● Given data
..............................

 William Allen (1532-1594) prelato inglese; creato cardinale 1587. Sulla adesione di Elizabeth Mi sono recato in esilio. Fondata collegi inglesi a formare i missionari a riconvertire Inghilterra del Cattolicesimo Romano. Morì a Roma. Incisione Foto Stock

..............................

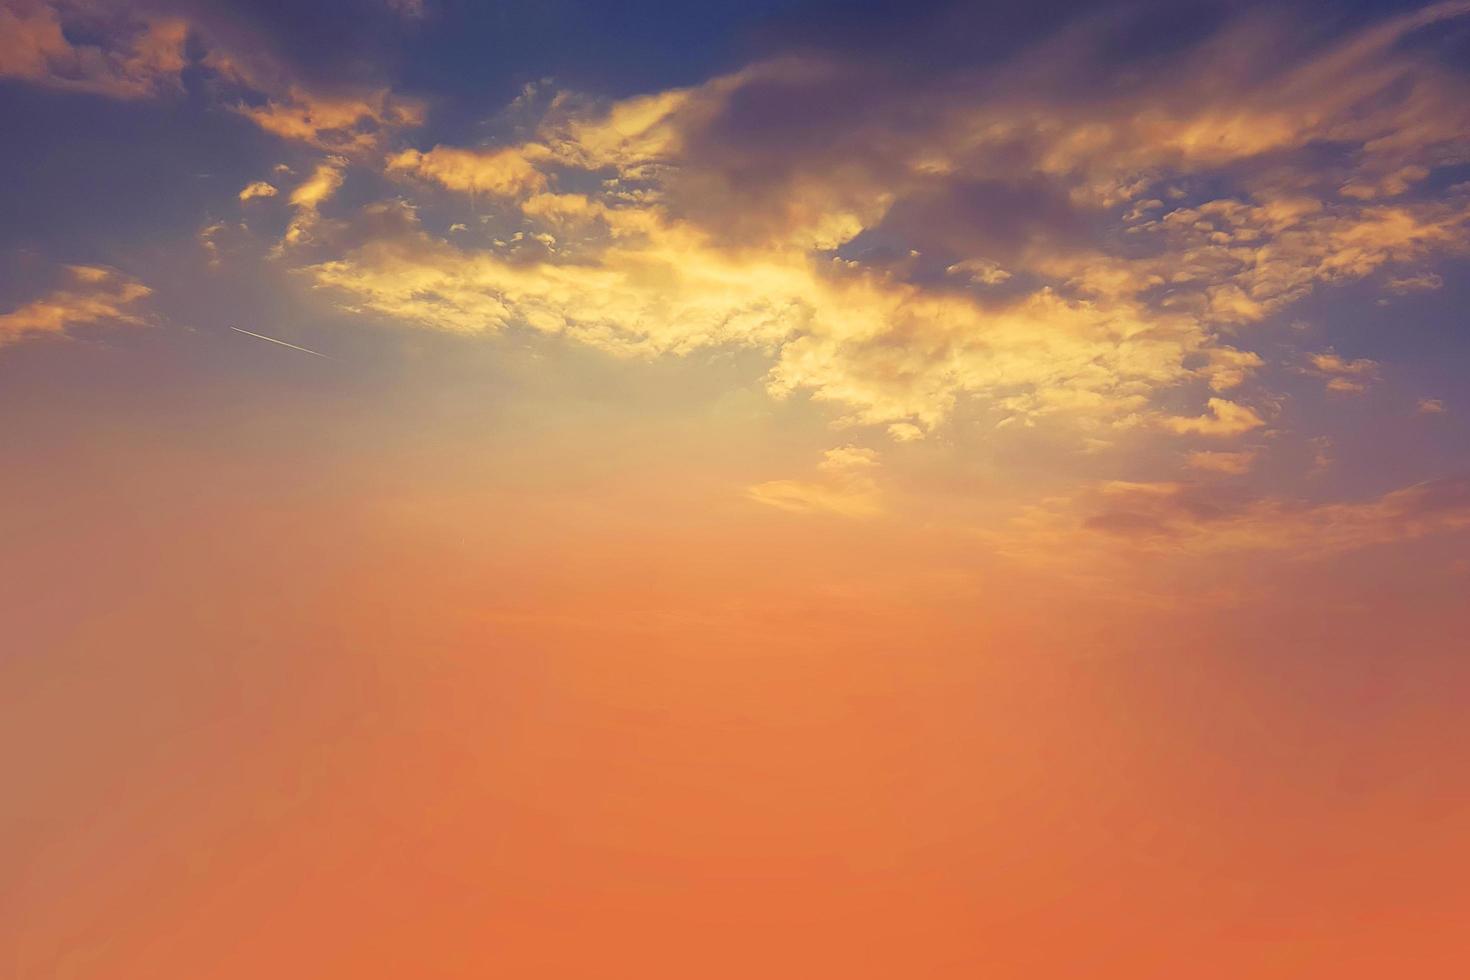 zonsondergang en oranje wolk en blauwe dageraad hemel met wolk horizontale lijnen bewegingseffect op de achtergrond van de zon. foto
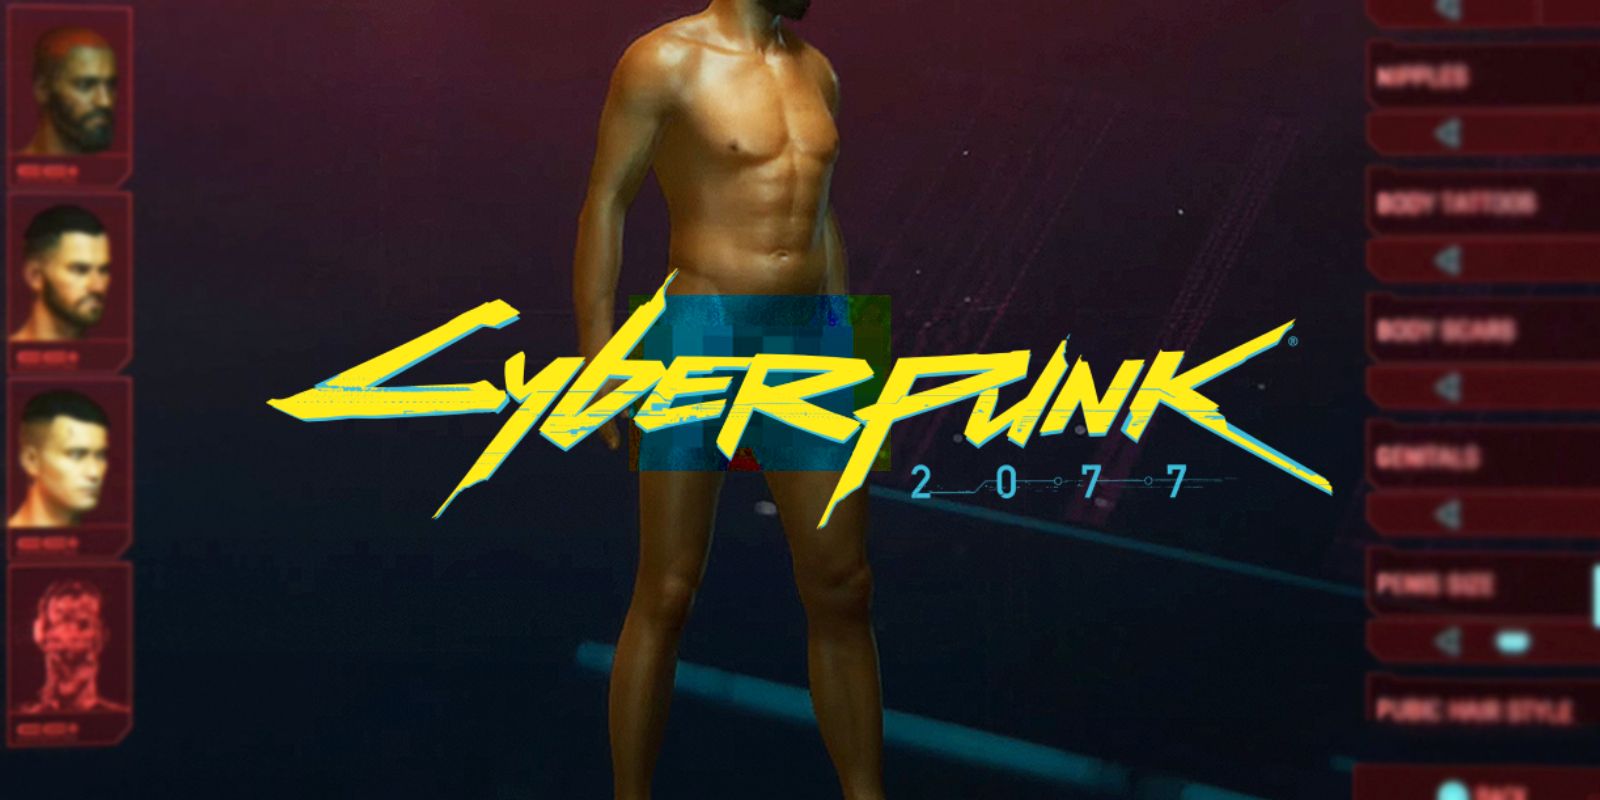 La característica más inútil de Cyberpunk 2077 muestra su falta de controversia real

..............................

Working from the data above, repeat exactly, and only, the lines that begin at the line containing "zonsondergang en oranje" and stop after the line containing "La característica más"; pictures are not copied.

 zonsondergang en oranje wolk en blauwe dageraad hemel met wolk horizontale lijnen bewegingseffect op de achtergrond van de zon. foto
 La característica más inútil de Cyberpunk 2077 muestra su falta de controversia real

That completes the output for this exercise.